[[ Information supplied open ]]
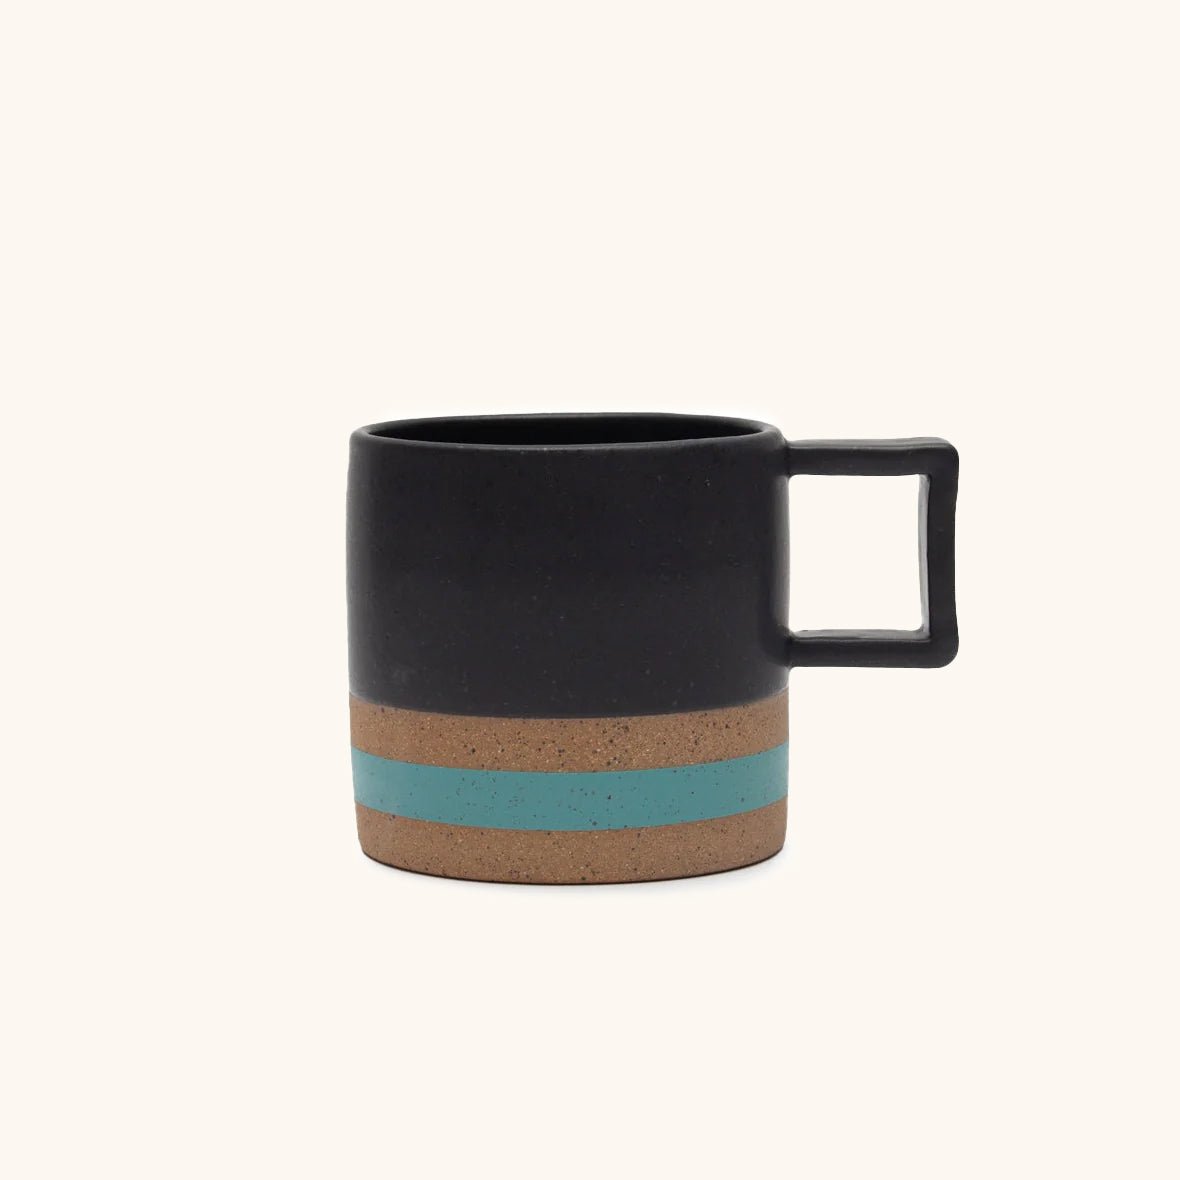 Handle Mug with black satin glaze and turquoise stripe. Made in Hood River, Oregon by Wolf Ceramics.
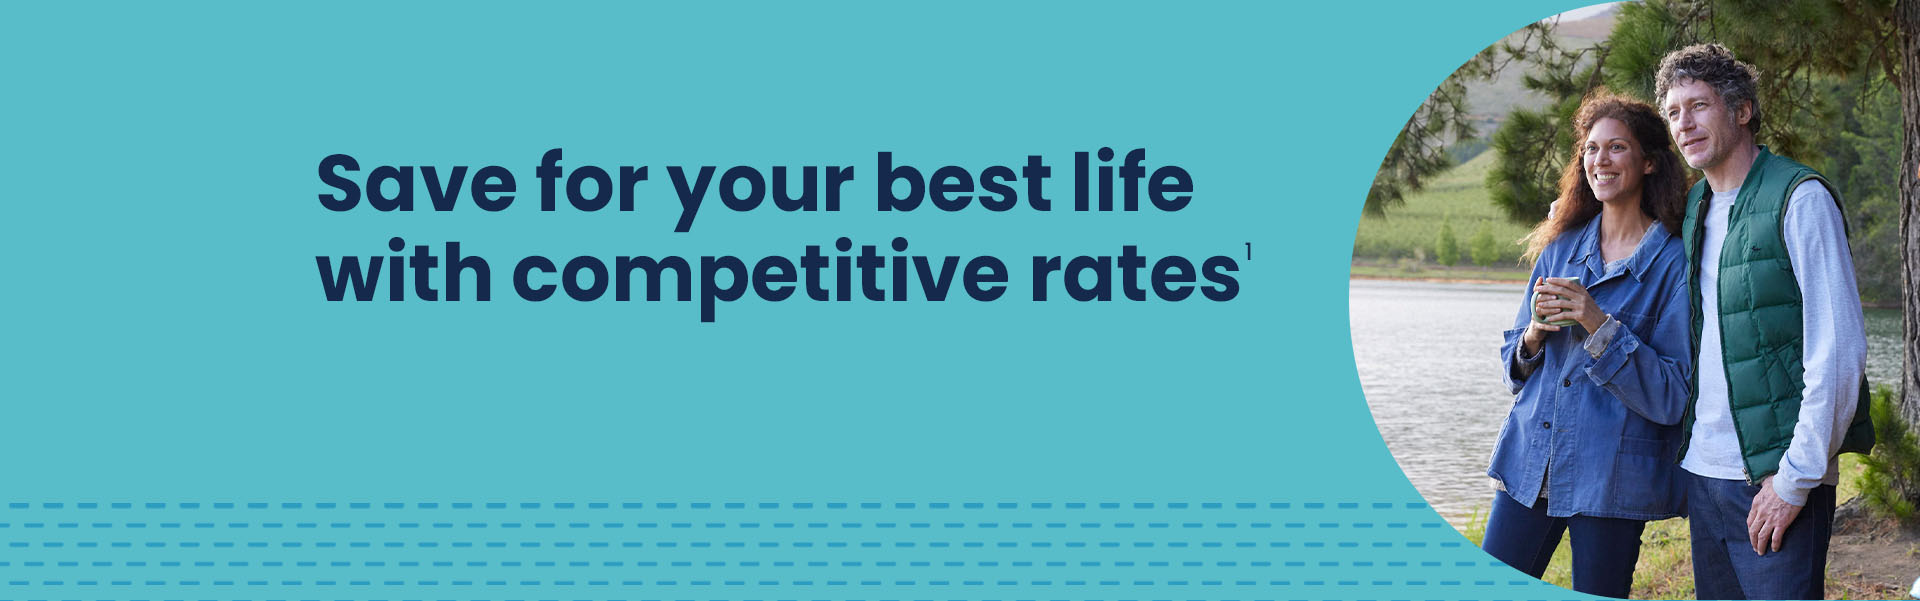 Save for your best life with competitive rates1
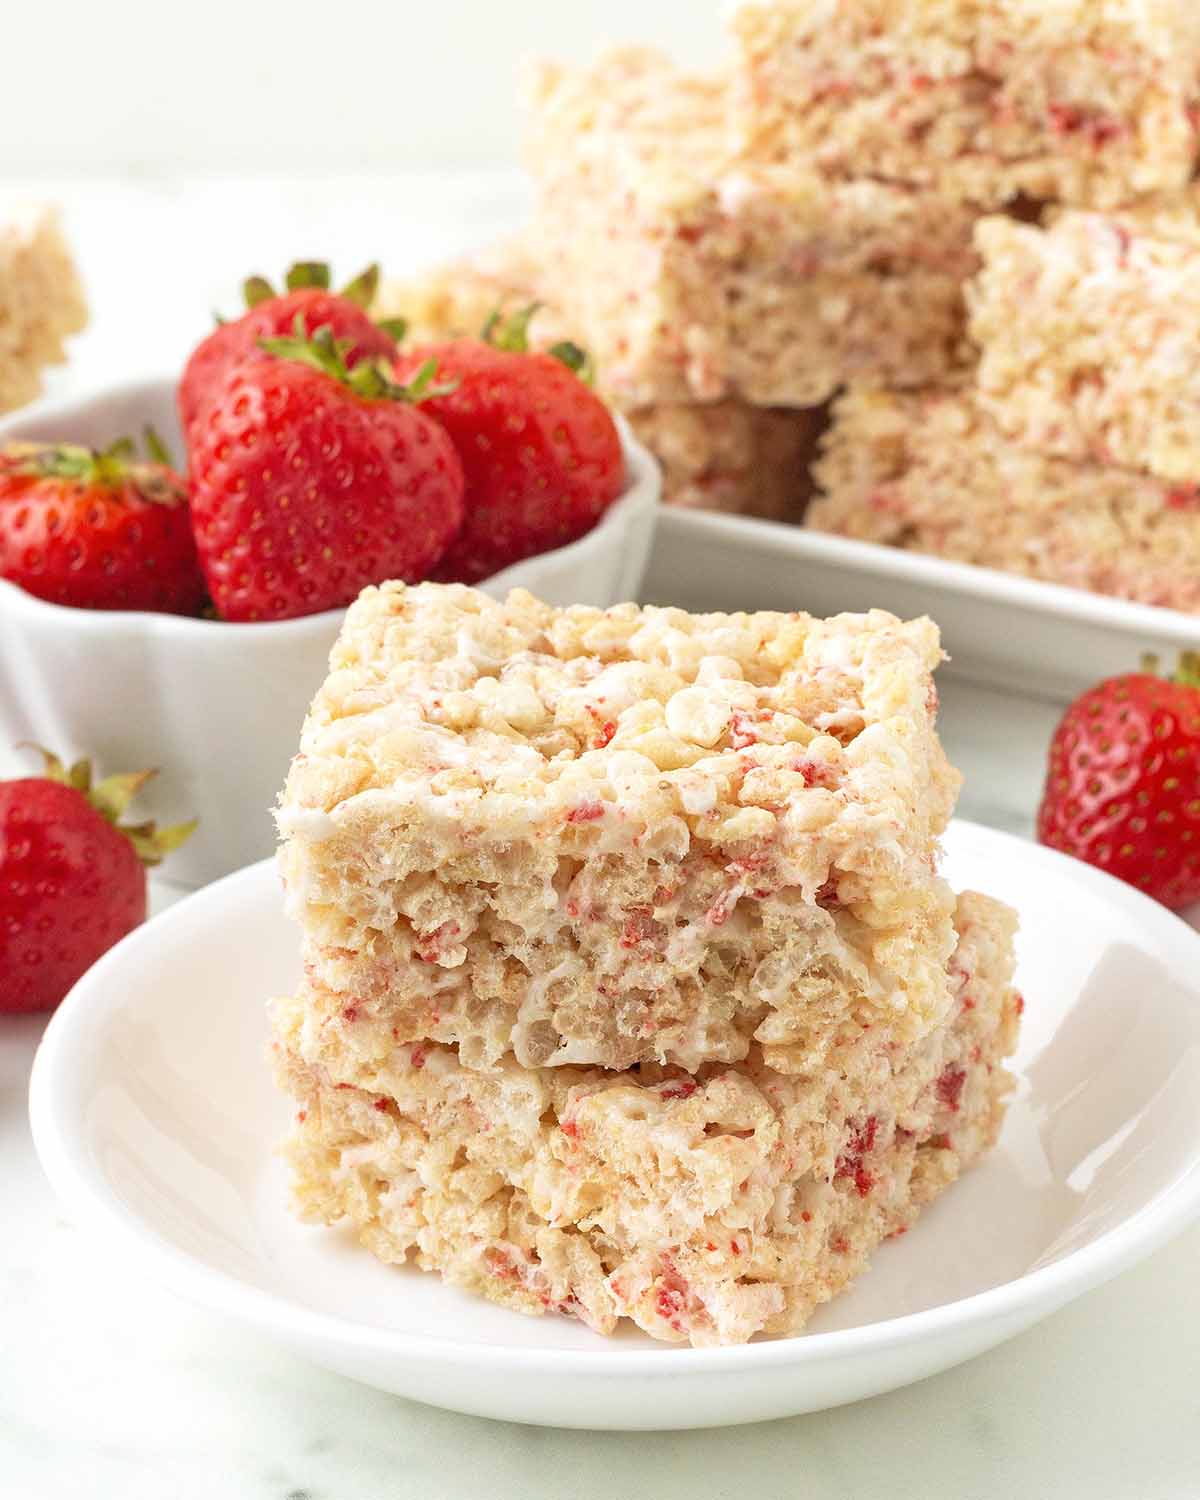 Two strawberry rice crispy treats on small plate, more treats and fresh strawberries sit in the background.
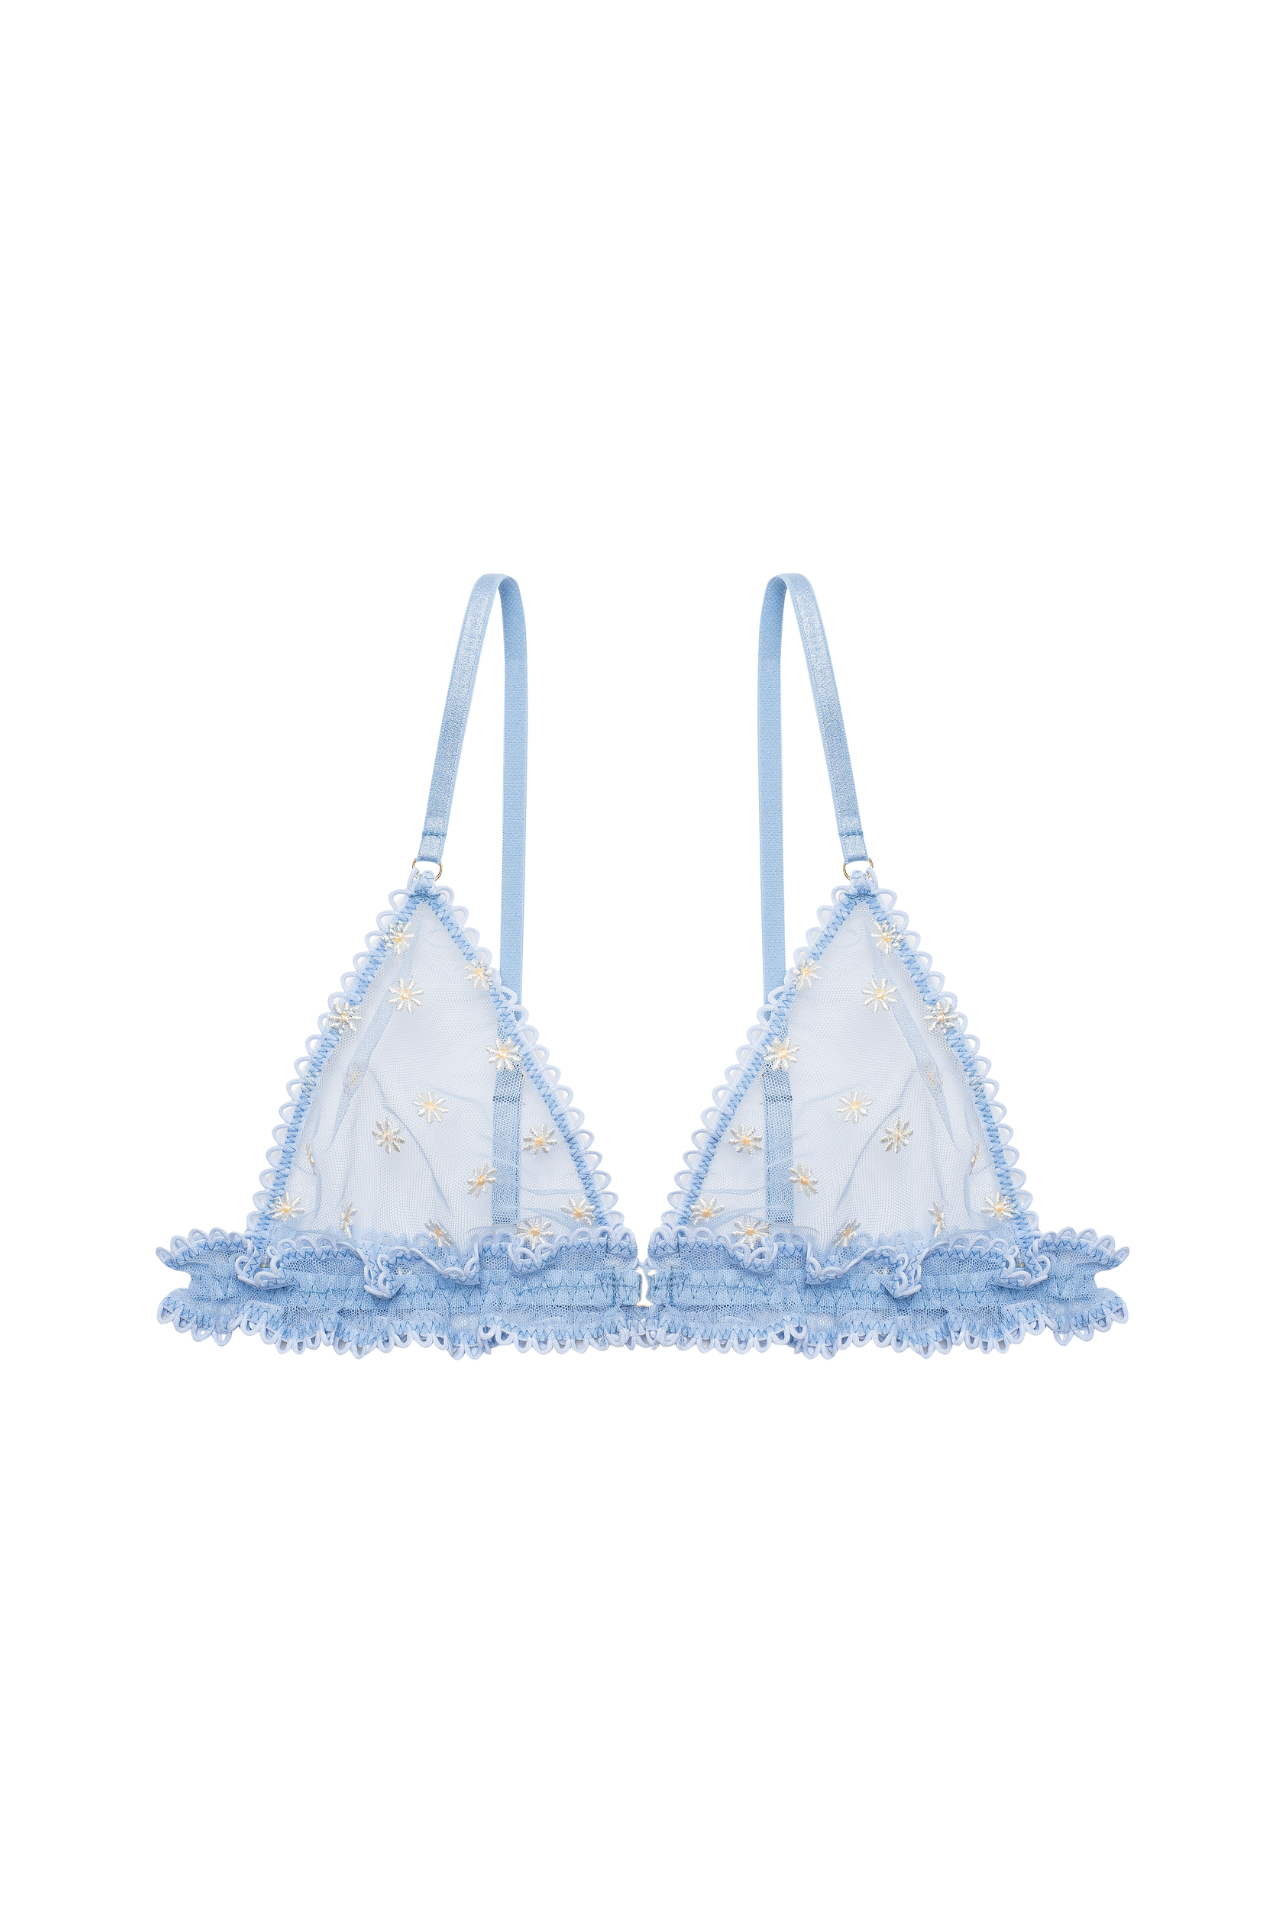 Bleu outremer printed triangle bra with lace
[[ Information supplied closed ]]
▶ **Task statement**:
Strip out the pictures and repeat the listing above exactly.

▶ **Written solution**:
 Handle Mug with black satin glaze and turquoise stripe. Made in Hood River, Oregon by Wolf Ceramics.
 Save for your best life with competitive rates1
 Two strawberry rice crispy treats on small plate, more treats and fresh strawberries sit in the background.
 Bleu outremer printed triangle bra with lace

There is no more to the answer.